Russell recognizes examples of such pop excess when the band members destroy their instruments and speakers at the end of the Elton John number, “Pinball Wizard.” During the song Russell establishes playing pinball as Tommy’s method of coping with the world. Tommy uses a pop-cult product for personal use, for his own method of engagement with the world. Russell — himself a “pinball wizard” of pop excess — does the same with Tommy.

Ahead of his time, Russell reveals that even such a liberating relation to pop can itself become commodified. Tommy — as a self-promoting messiah — hopes to sell the freedom he discovered to his fans.
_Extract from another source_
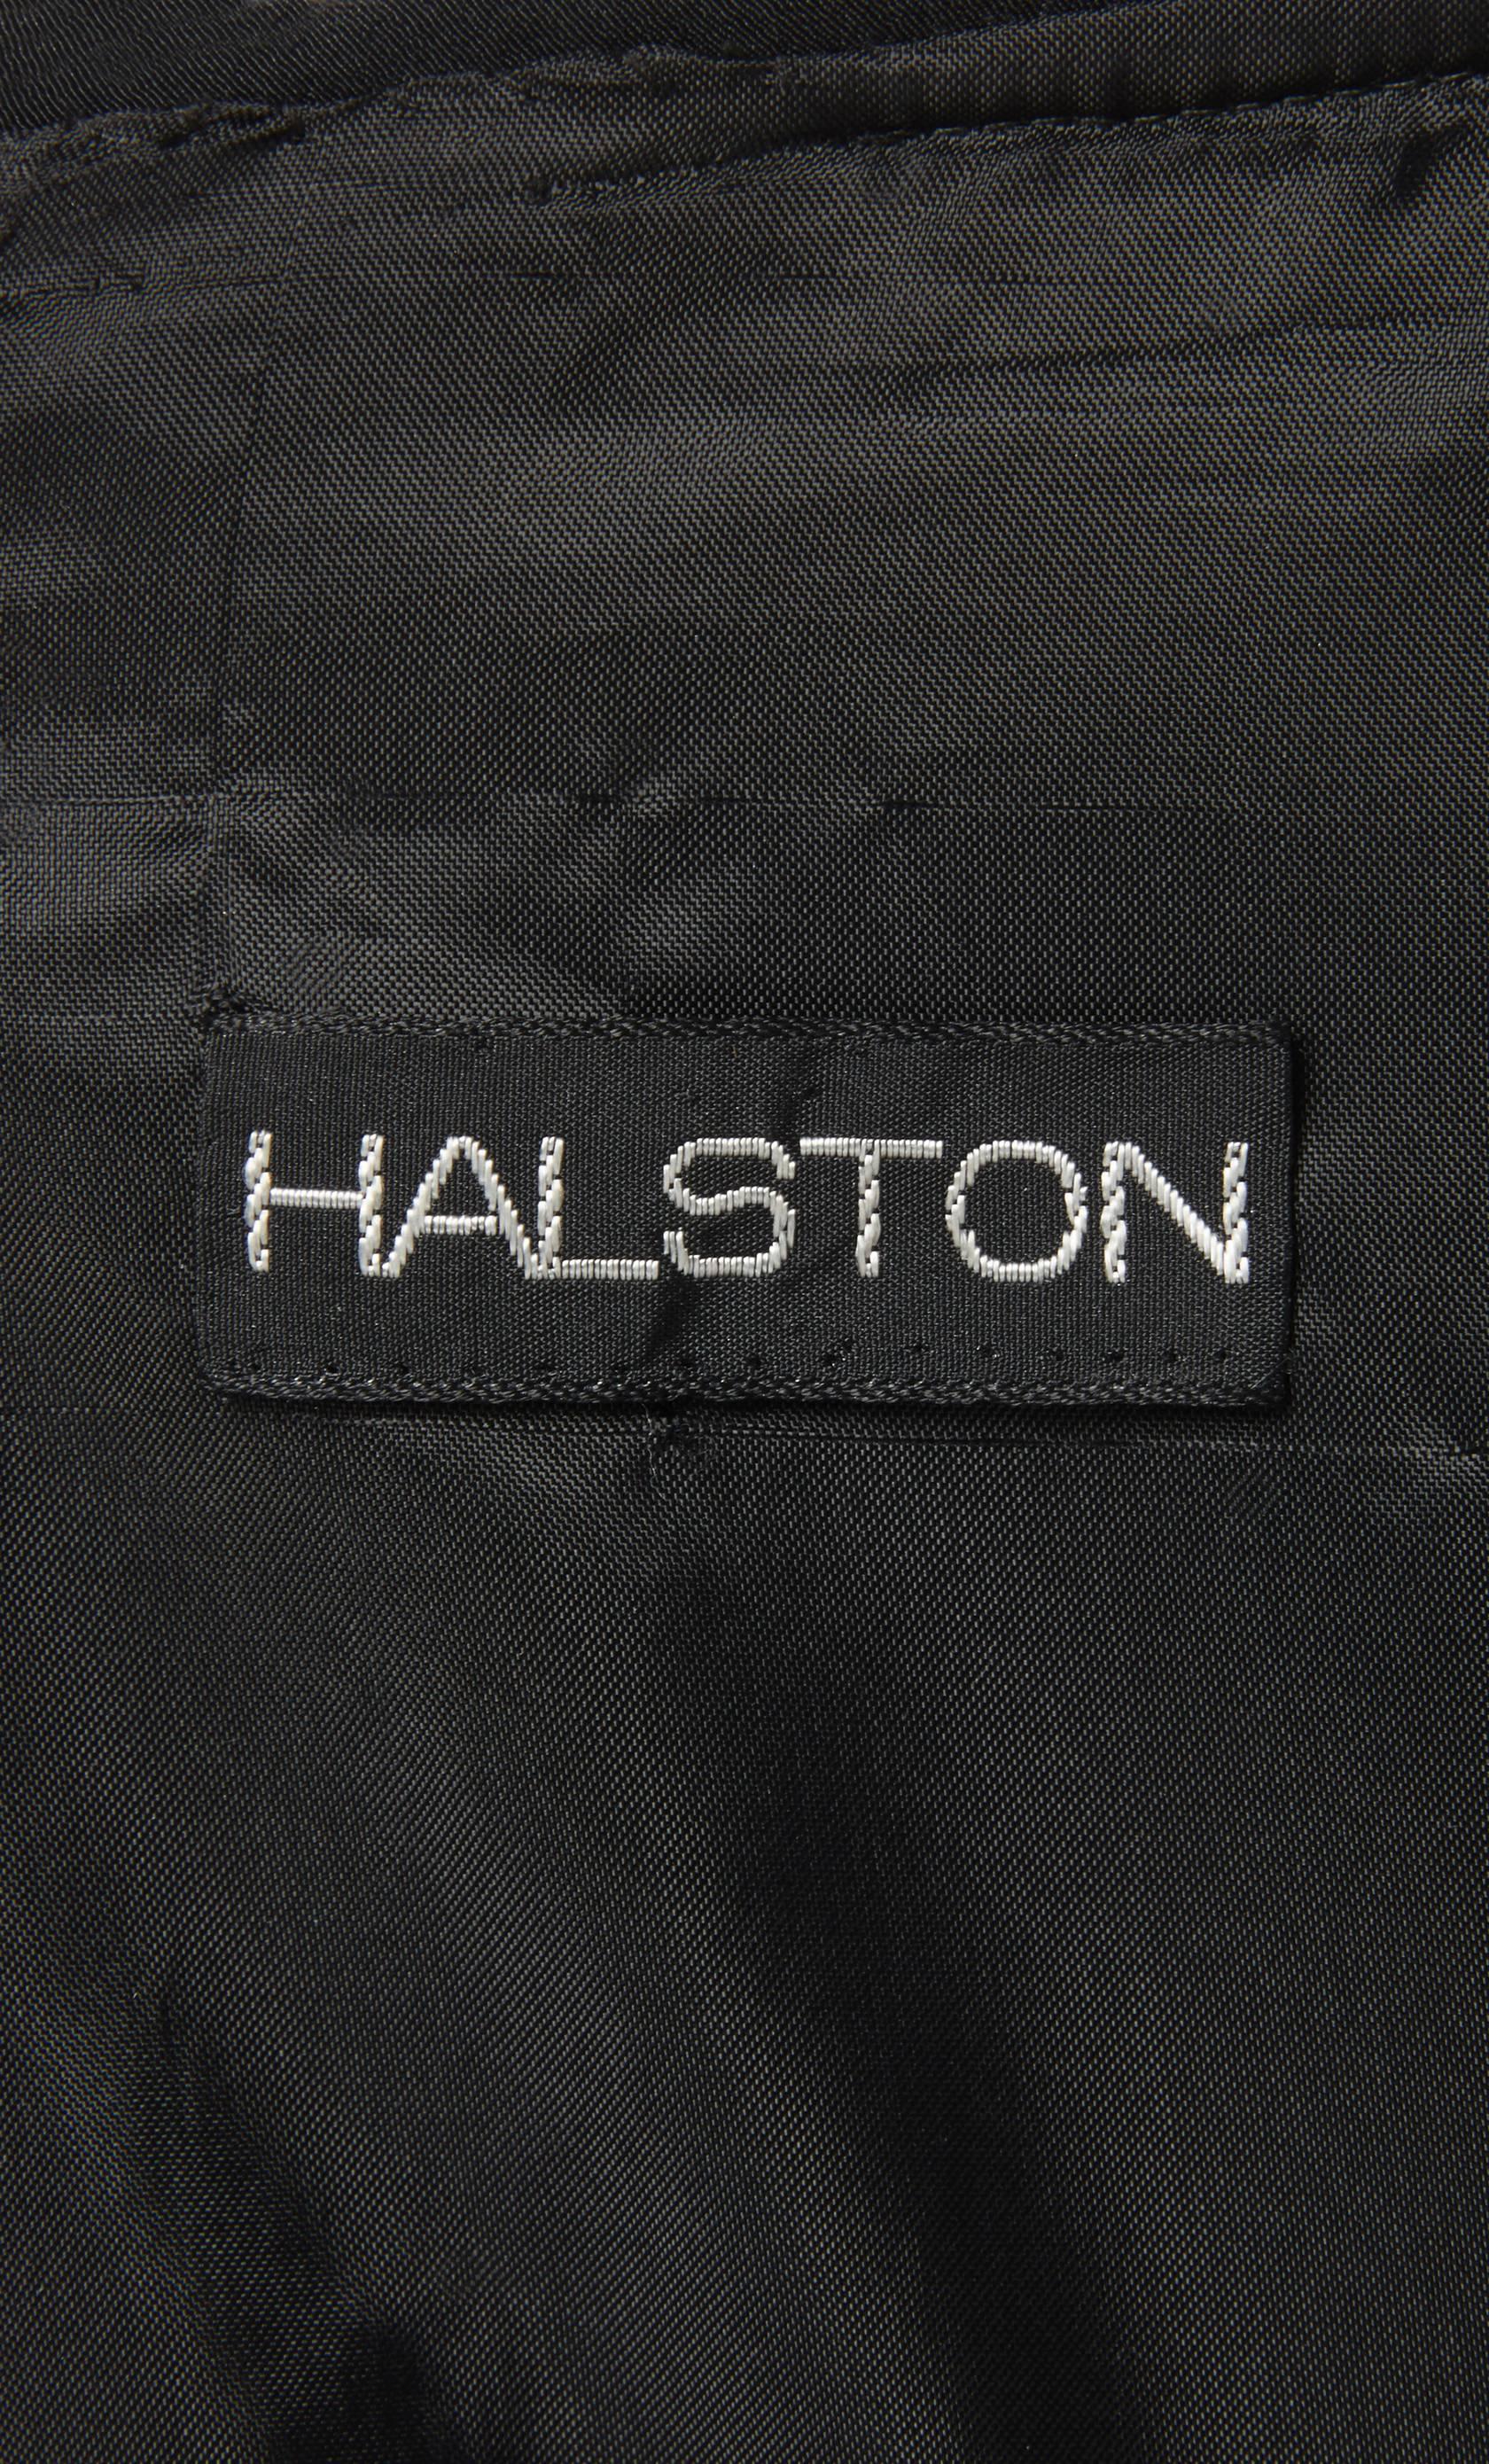 Women's or Men's Halston black dress, circa 1975 For Sale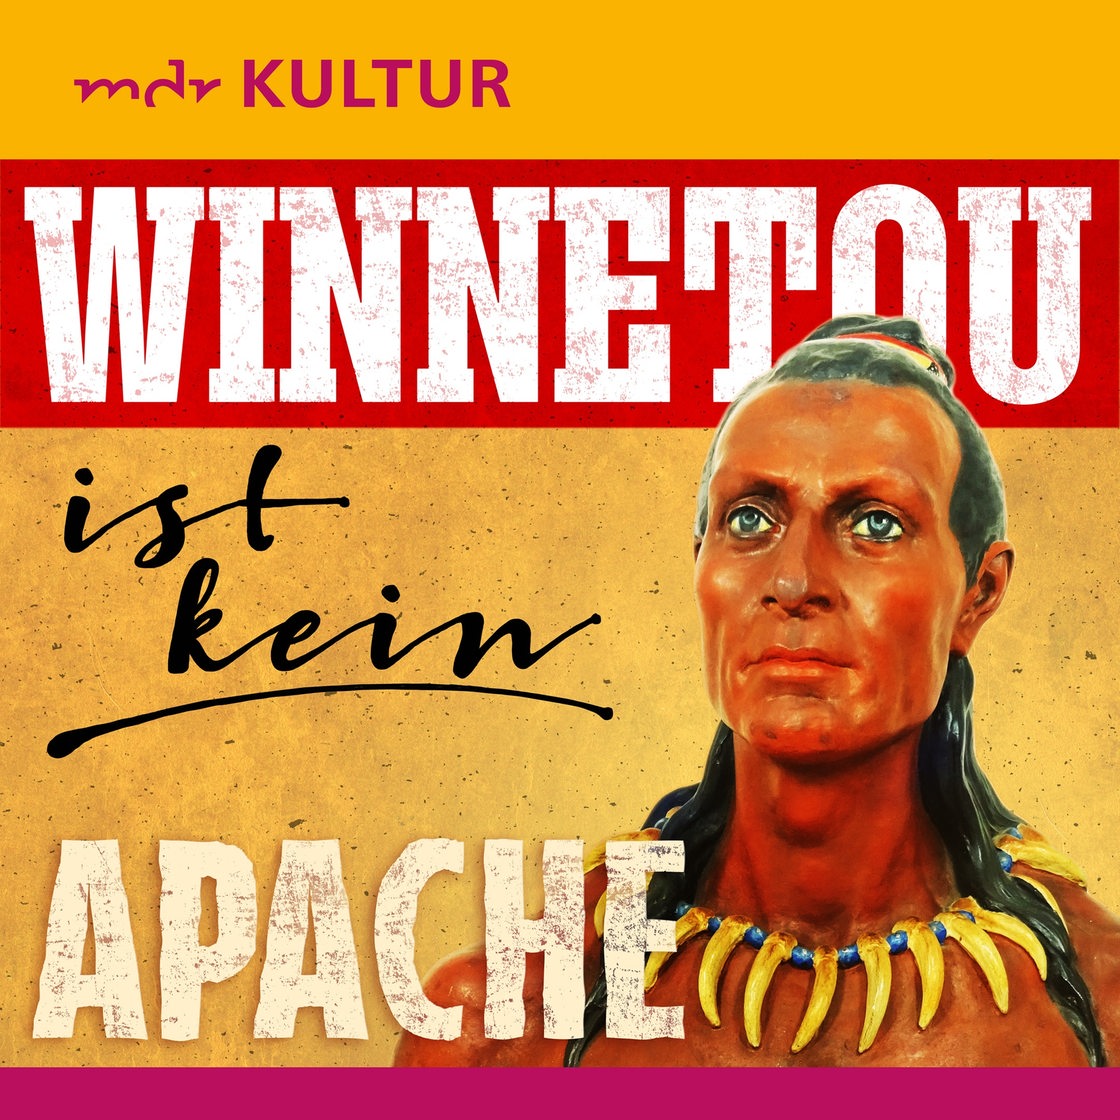 Podcast Winnetou ist kein Apache

In a moneymaking scheme instigated by Tommy’s parents, Tommy instructs his cultish followers to play pinball with eyes blindfolded, ears muffed, and mouths corked. Tommy’s liberation becomes a means of mass exploitation.

That is why Russell’s cinema encourages spectator perception and response. Against their exploitation, the members of the cult revolt, which is inventively staged by Russell as a montage of the revolutionaries smashing pinball machine faceplates. The revolt sets Tommy free. The final shot silhouettes, Daltrey, Tommy the son, against another faux sun. The sun rises and Daltrey moves into the space to pose appropriately — re-contextualizing the earlier sign of his father. Here, pop spectacle offers the opportunity to engage with the complexity and resonance of signs, and the final shot captures the regenerative cycle of pop resistance.